The researchers propose to implement this coordination of resources
at the hardware level . In the
abstract of the prepared scientific work, they note that "interaction through shared memory by its nature includes disabilities for compliance with coherence and cache miss, which greatly increases overhead and a large amount of [extra] network traffic occurs."
Many important tasks require a large exchange of traffic between the cores, so that a significant increase in overhead costs greatly affects productivity. This also applies to the performance of the computing pipeline, which is widely used in software solutions for operating parallelism at the command level.
Hardware acceleration coordinates the work of the nuclei in parallel computing. The proposed hardware coordination of cores is much more efficient than any methods of software synchronization that are used now.
βThis approach, which we called the framework for accelerating communication between the cores (CAF), improves the data exchange speed by a factor of 2β12,β
said Yan Solihin, a professor of electrical and computer engineering at the University of North Carolina and co-author of scientific work. βIn other words, the speed of execution β from beginning to end β is at least twice as fast.β
In a prepared scientific paper, the authors carried out an analysis of the overhead (excessive network traffic between the cores), which occurs when synchronizing parallel computing with existing software methods. And offered an alternative solution.
The key element of the new framework is a hardware module for managing the Queue Management Device (QMD) queue. It is capable of performing simple computing functions and is hardware connected to the communication subsystem, that is, to NoC (a network on a chip β
mini-Internet inside the processor ).
Illustration from the article " Network on Crystal - mini-Internet inside the processor "The QMD module takes on the task of managing the queue and synchronizing the parallel interaction of the cores, without any additional software instructions on the CPU cores. It is like a hardware router on the network.
Prospective development is important in light of the constant increase in cores on modern processors. This is quite a natural process, since the increase in clock frequency has almost stopped due to natural physical limitations. Manufacturers have no choice but to parallelize the calculations.

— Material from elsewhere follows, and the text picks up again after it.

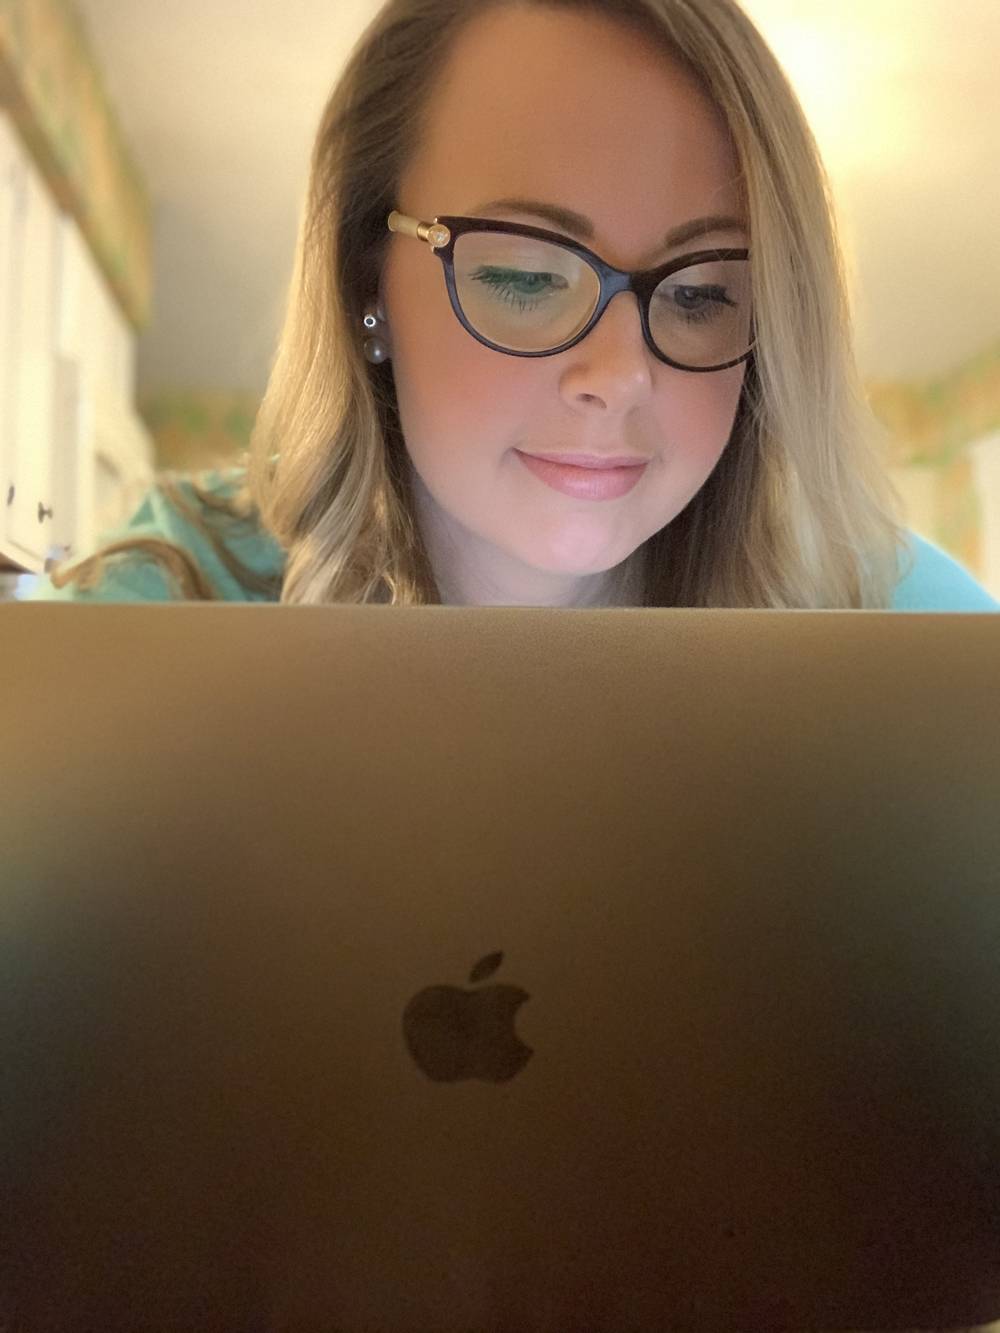 A woman with blonde hair and dark glasses looks down at a laptop computer. Photo by Stephanie Stuart.

In such conditions, synchronization of parallel interaction between the cores becomes the bottleneck, which limits the performance of the system. With the efficient routing of traffic between the processor cores, you can continue scaling the CPU architecture and create processors with tens and hundreds of cores with almost linear performance scaling.
Efficient routing of traffic between cores is a key technology that is needed to further scale up the multicore CPU architecture.In addition to accelerating the exchange of data between the cores when synchronizing parallel computing, the QMD module can be useful when aggregating data from multiple cores. Researchers believe that it will speed up the processing of some basic computational operations by up to 15%.
The scientific work "
CAF: Core to Core Communication Acceleration Framework " will be presented at the 25th conference on parallel architectures and compilation methods
PACT '16 , which will be held September 11-15, 2016 in Haifa (Israel).
The inventors are Ipeng Wang (Yipeng Wang, University of North Carolina), Ren Wang, Andrew Hedrich (Andrew Herdrich) and James Tsai (all - Intel Corp.), as well as the lead author of the scientific work Yan Solihin from the University of North Carolina and the United States National Science Foundation.
The article is included in the collection of reports
Proceedings of the 2016 International Conference on Parallel Architects and Compilation , pp. 351-362, doi: 10.1145 / 2967938.29679595. A collection of reports is likely to be distributed to conference participants and published on the Internet.